The resulting 2D SASNE with an appropriate perplexity chosen to be \(90\%\) of the number of data points (see Additional file 2: Fig. S7) is shown in Fig. 6a. The embedding shows that digits 0, 1 and 6 form relatively distinct clusters, whereas, e.g., digit 2 overlaps with digits 1, 3, 7 and 9, which is consistent with the overlapping analysis (Additional file 2: Fig. S3). Indeed, the RRPs in Fig. 6e–h show the significant improvement by SASNE in preservation of the relative placement of the clusters in the LD embedding by SASNE compared to the other methods. On the other hand, although the UMAP embedding shows clearly separated clusters (Fig. 6d), it fails to capture the overlaps between digits. This can be seen by both the UMAP and t-SNE embedding (Fig. 6b, d) of the digit 2 that is incorrectly separated from the digit 7. The PHATE captures the overlap between digits more accurately compared to UMAP and t-SNE. Nevertheless, digits that are relatively well separated are not reflected in the PHATE embedding. For example in Fig. 6c, digit 0 and 6 are merged, and digit 1 is not separated from digit 2 and digit 7, which are inconsistent with the overlapping analysis (Additional file 2: Fig. S3).
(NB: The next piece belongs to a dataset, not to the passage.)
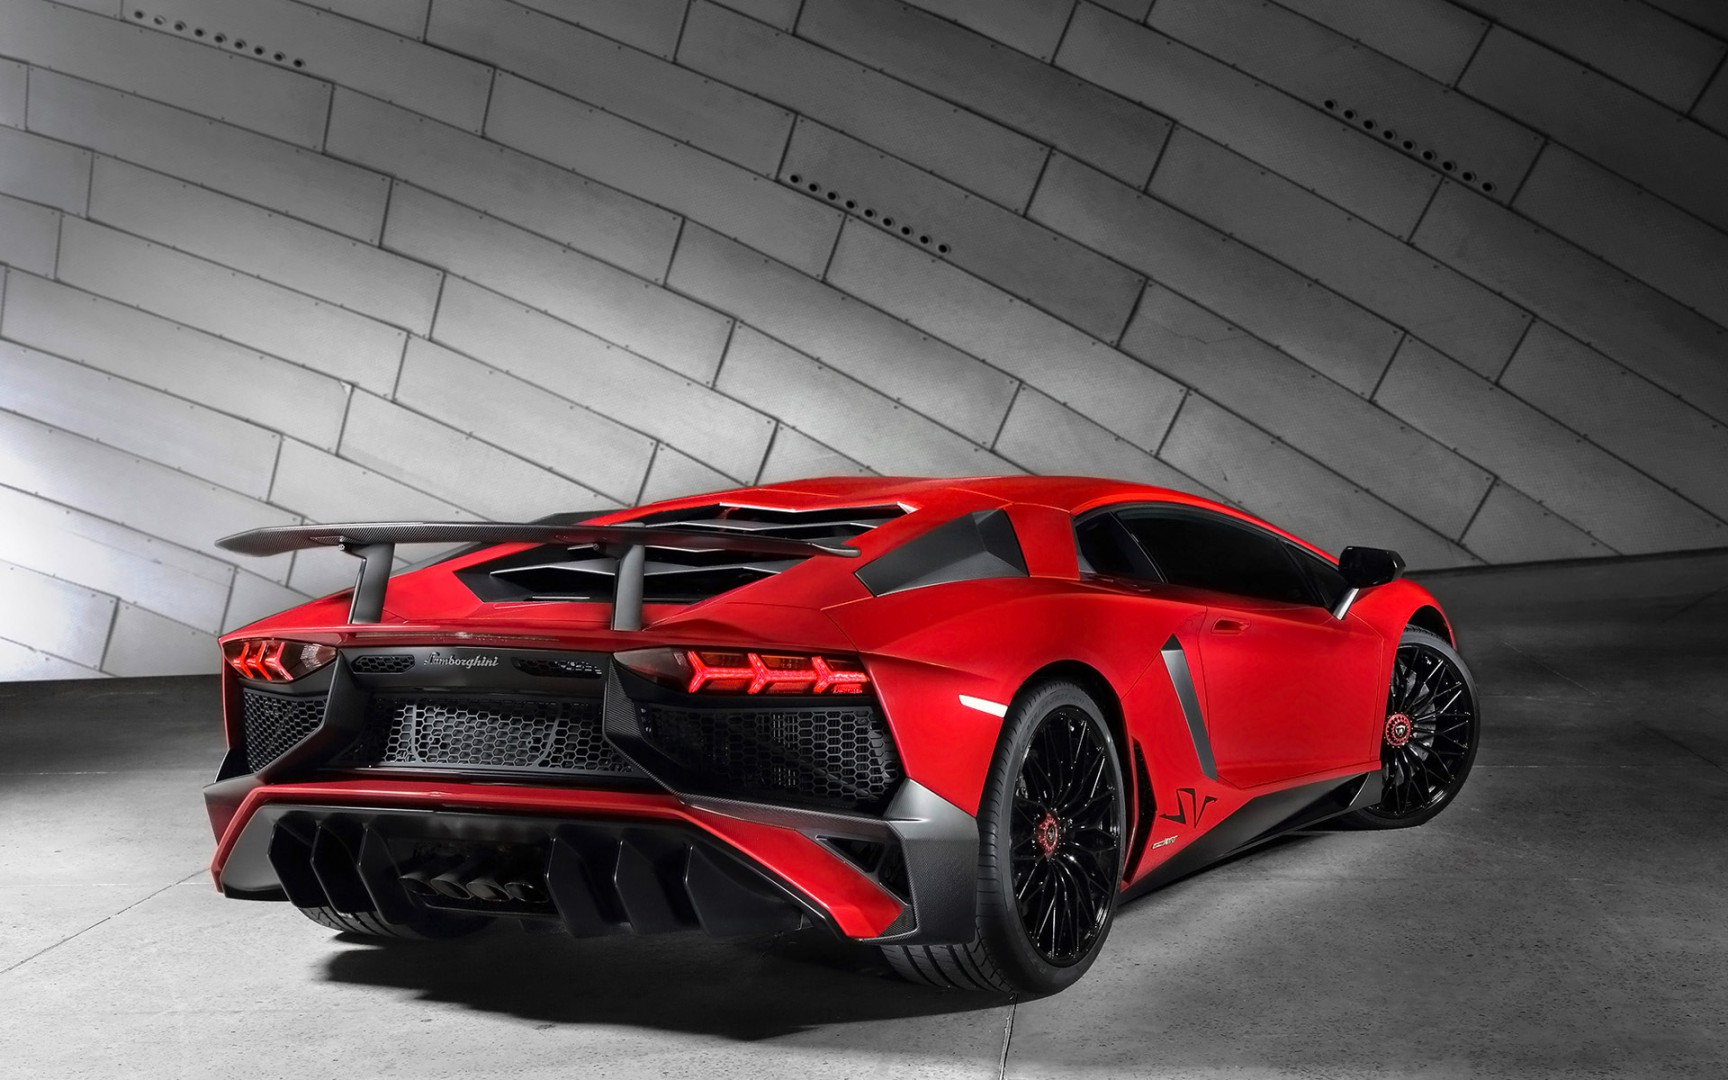 2015 Lamborghini Aventador Lp750 4 Superveloce 2 Car - Full Hd Lamborghini Car - HD Wallpaper

In terms of the clustering quality, all methods result in a relative low overall silhouette coefficient compared to the test case (see Fig. 6i). This is expected due to the small separations, \(b_i\), in the point-wise silhouette value in Eq. 1. The slightly higher silhouette coefficients of the UMAP and t-SNE indicate that discrete structures are more profound in the embedding (Fig. 6b, d). However, the profound discrete structures appeared in these embedding are likely to be spurious that do not reflect the true data structures revealed by the overlapping analysis (Additional file 2: Fig. S3) and the grouping of the digits in the original HD space (Additional file 2: Fig. S5). The PHATE has the lowest cluster separation and does not clearly reveal the distinct separation of digits 0, 1 and 6. In contrast, for digits 0, 1 and 6 the digit-wise silhouette scores are higher in the SASNE than in all other methods (see Additional file 2: Fig. S6). These all together demonstrate the ability of the SASNE to amplify true discrete structures in the data and preserve the relative organisations among these discrete patterns.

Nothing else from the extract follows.